## What is needed:
Copy out the listing below exactly, please, and skip any pictures.

## Given material:
▼
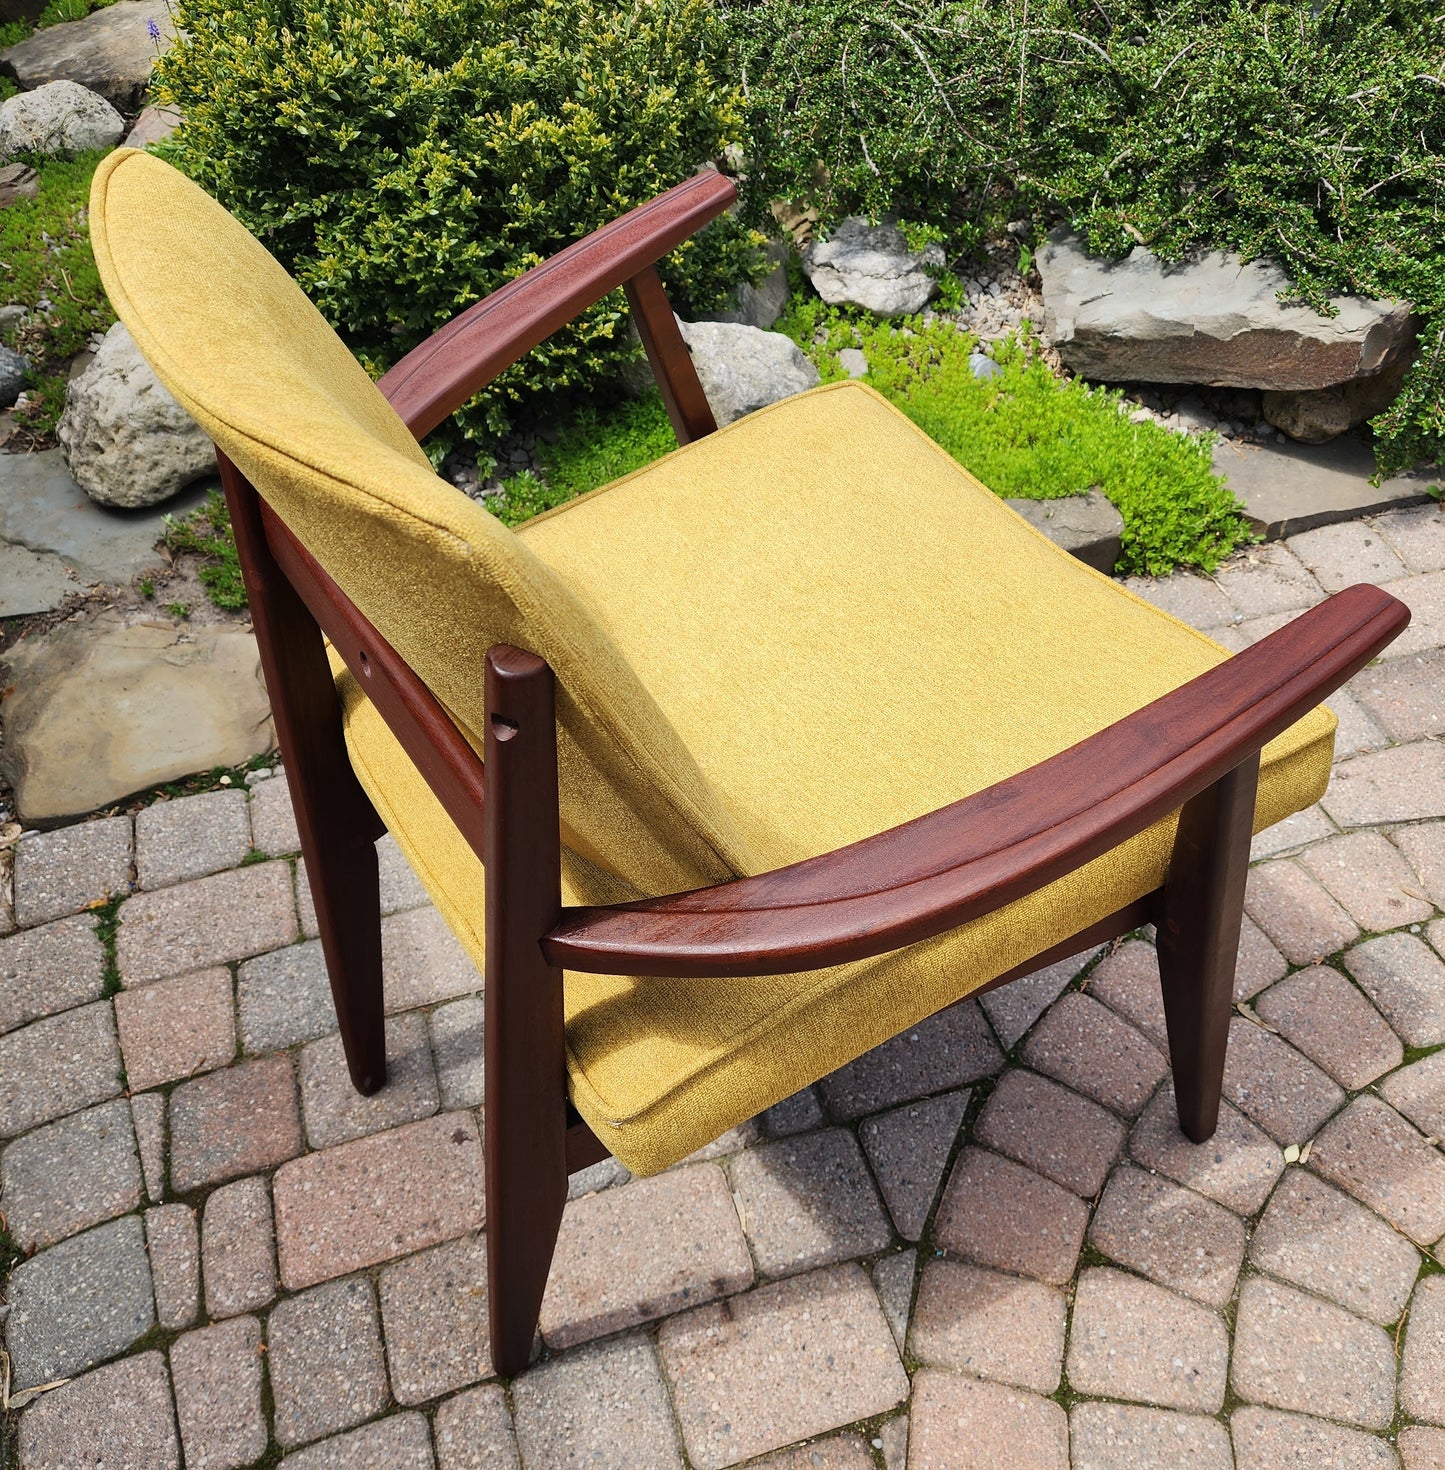 REFINISHED REUPHOLSTERED Mid Century Modern Afromosia Arm Chair by Jan Kuypers
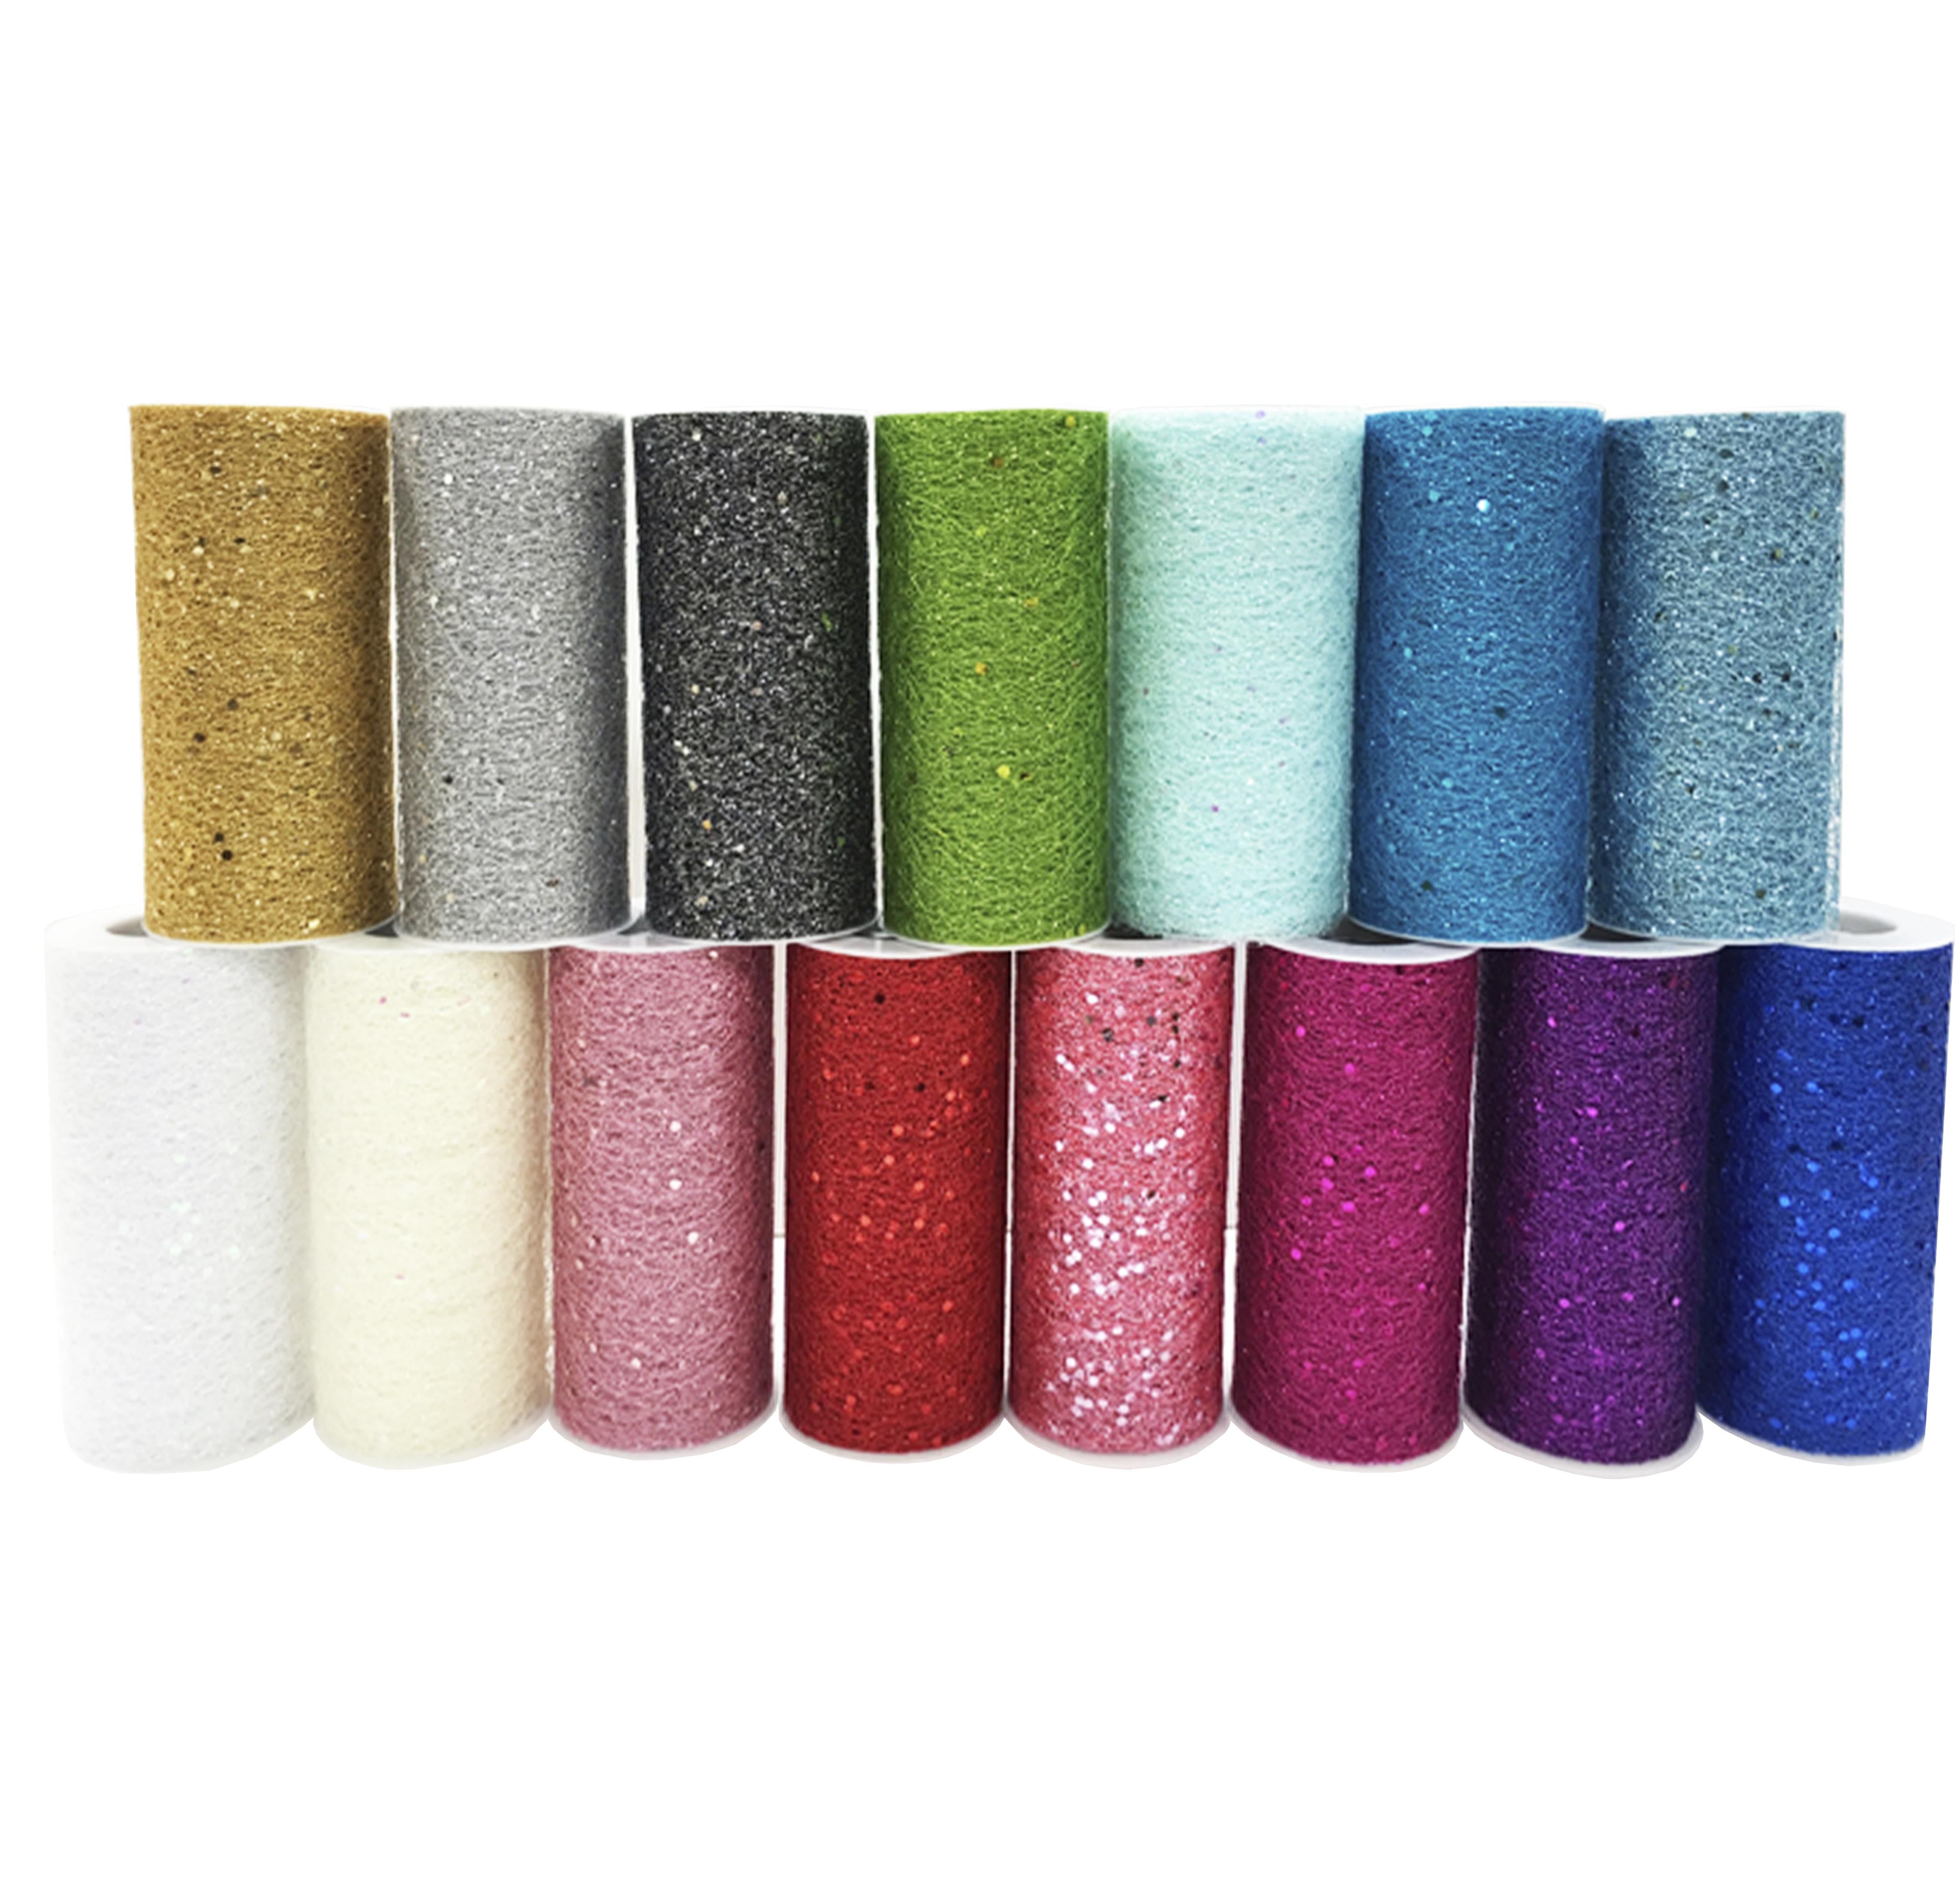 54 inch wide Glitter Tulle Fabric Bolt Roll 10 yards 
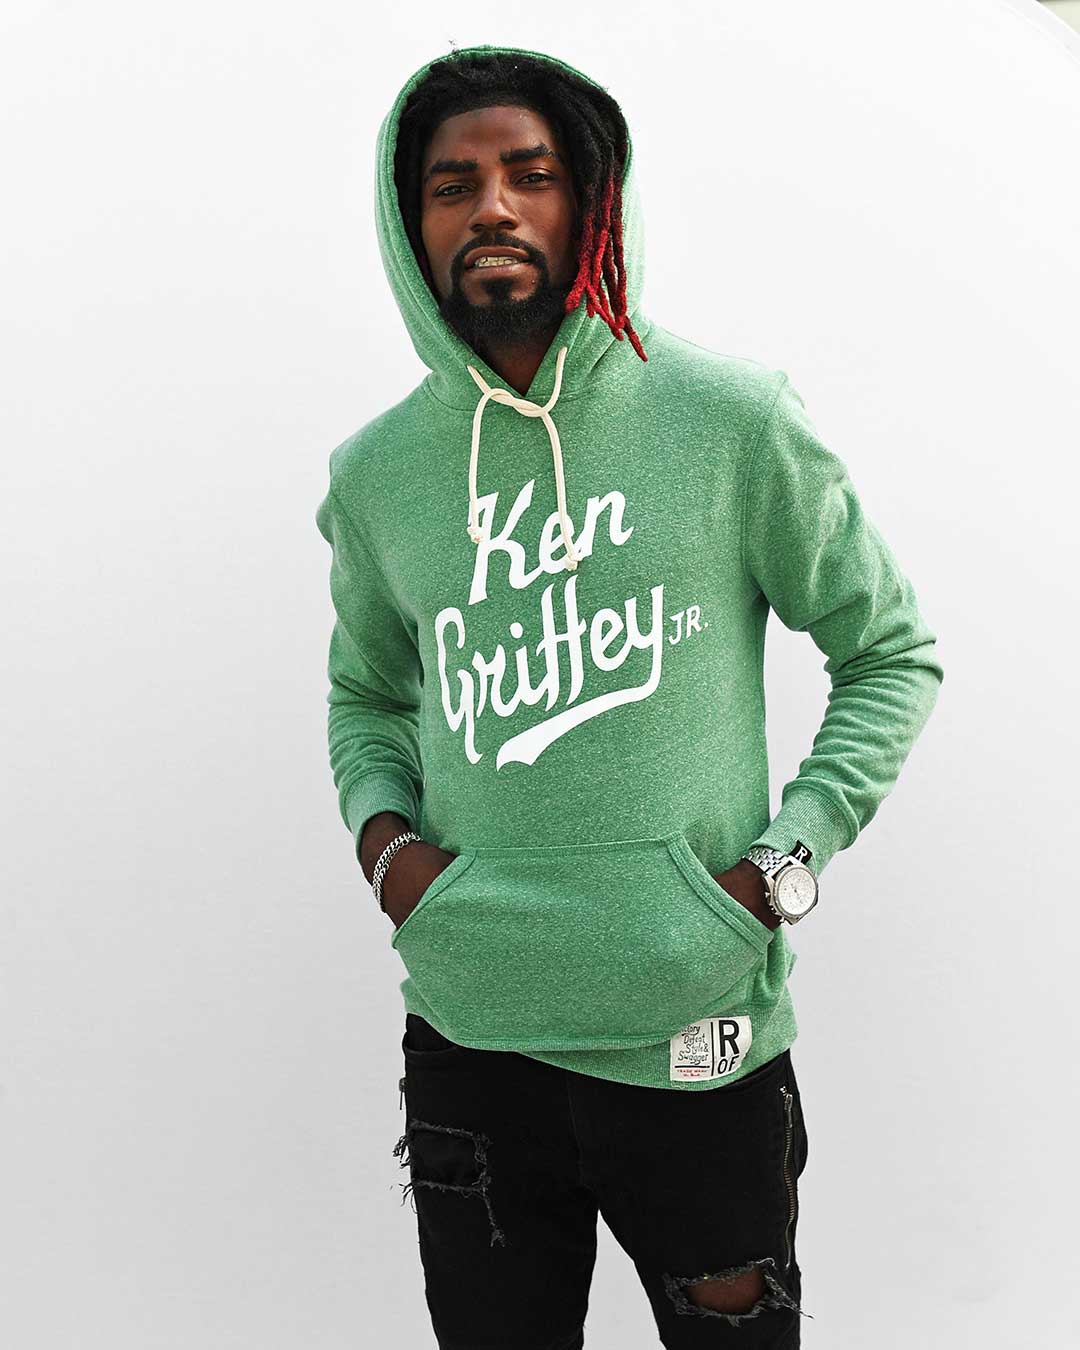 Ken Griffey Jr. 13x All Star Green PO Hoody - Roots of Fight Canada
▲
## Answer box:
 REFINISHED REUPHOLSTERED Mid Century Modern Afromosia Arm Chair by Jan Kuypers
 54 inch wide Glitter Tulle Fabric Bolt Roll 10 yards 
 Ken Griffey Jr. 13x All Star Green PO Hoody - Roots of Fight Canada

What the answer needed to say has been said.